Lord High Constable of Scotland

= High Court of Constabulary =

The High Court of Constabulary was a court in Scotland presided over by the Lord High Constable of Scotland and other judges known as Constables-depute. The court had exclusive jurisdiction over crimes of rioting, disorder, bloodshed, and murder that took place within 4 mi of the Monarch of Scotland, Privy Council of Scotland, or the Parliament of Scotland. It was established in the 13th century, and its de jure jurisdiction continued until at least the 19th century. From the 16th century the Constables-depute appear to have been the Lord Provosts, bailies, and Sheriffs of Edinburgh. Following the Treaty of Union of 1707, the Court had jurisdiction when the Monarch of Great Britain, and later the Monarch of the United Kingdom, was resident at the Palace of Holyrood House.

==History==
Much of the history belonging to the High Court of Constabulary comes from records kept by the Earls of Erroll, who hold the position of Lord High Constable as a hereditary right. However, the burgh magistrates (the Lord Provost and bailies) of Edinburgh appear to have objected to the jurisdiction of the Constabulary Court, and from the 16th century it appears that the Earls of Erroll appointed the burgh magistrates as Constables-depute. The Lord High Constable continued to claim his jurisdiction into the 19th century, and from then the Sheriff of Edinburgh and the burgh magistrates of Edinburgh were appointed as Constables-depute whenever the Monarch of the United Kingdom was resident at the Palace of Holyroodhouse.

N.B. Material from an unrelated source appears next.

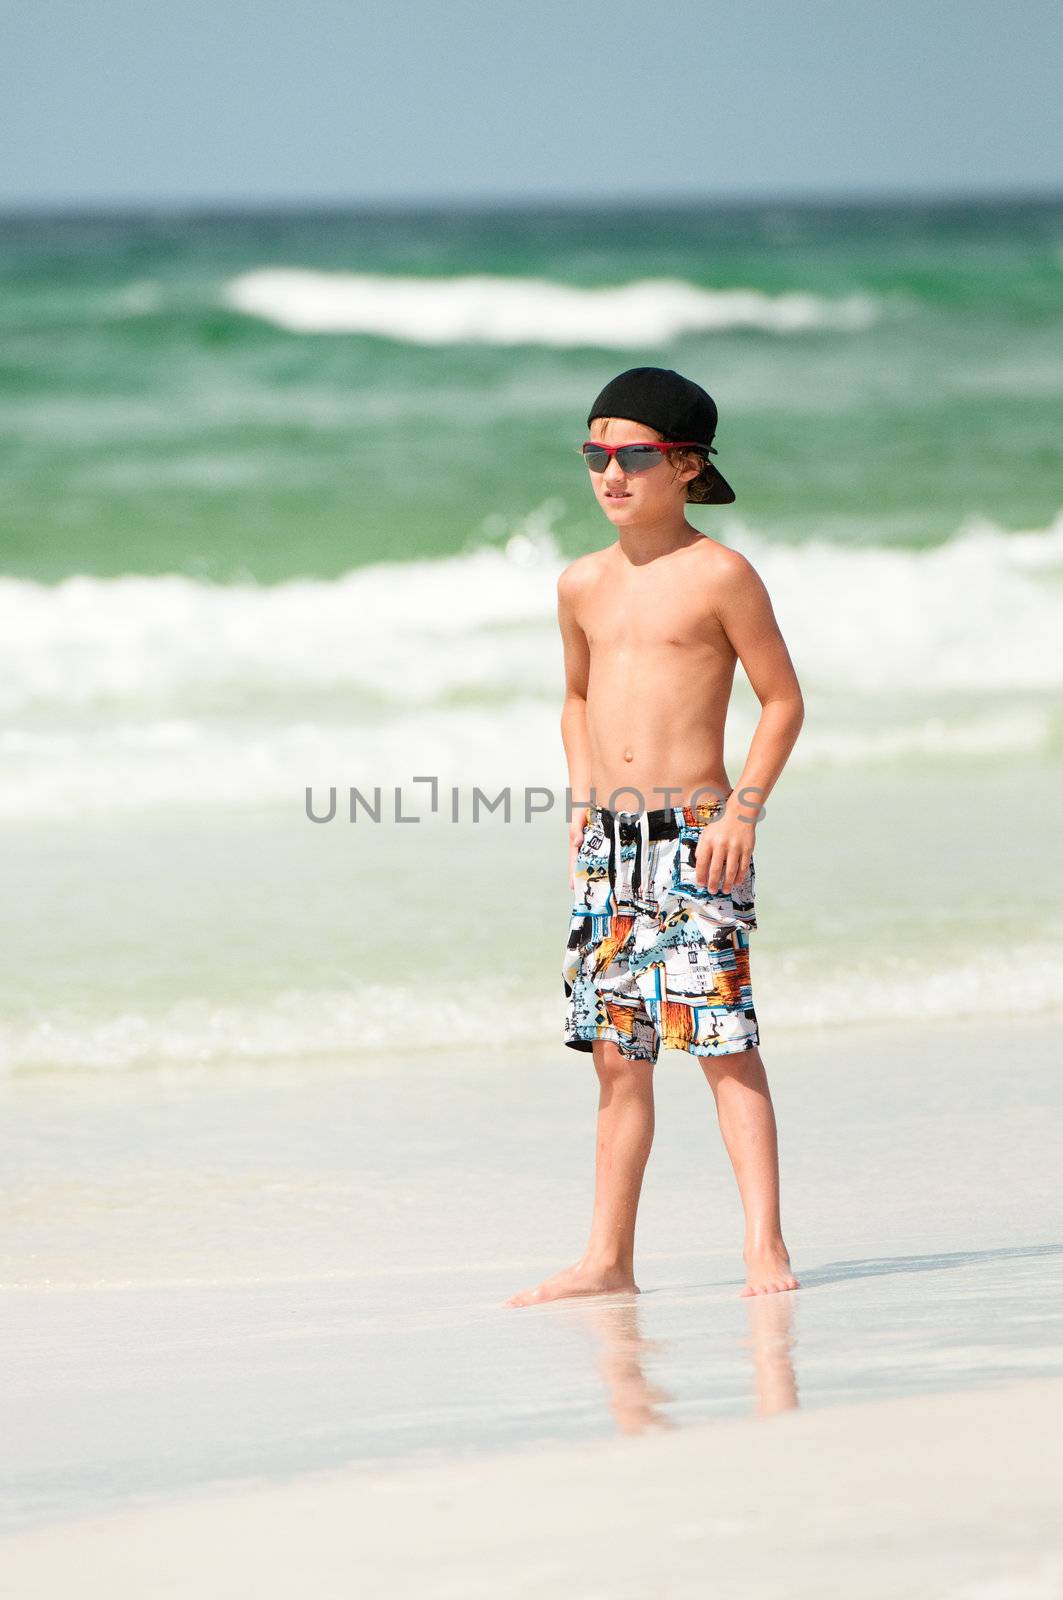 Young boy in Swim trunks at the beach with the ocean in the background.

==Remit and jurisdiction==
Established in the late 13th century the court was empowered to judge all cases of rioting, disorder, bloodshed, and murder if such crimes occurred within four miles of the King of Scots, the King's Council, or the Parliament of Scotland. Following James VI's move to England, the jurisdiction of the Lord High Constable was defined in terms of the "resident place" appointed for the Council.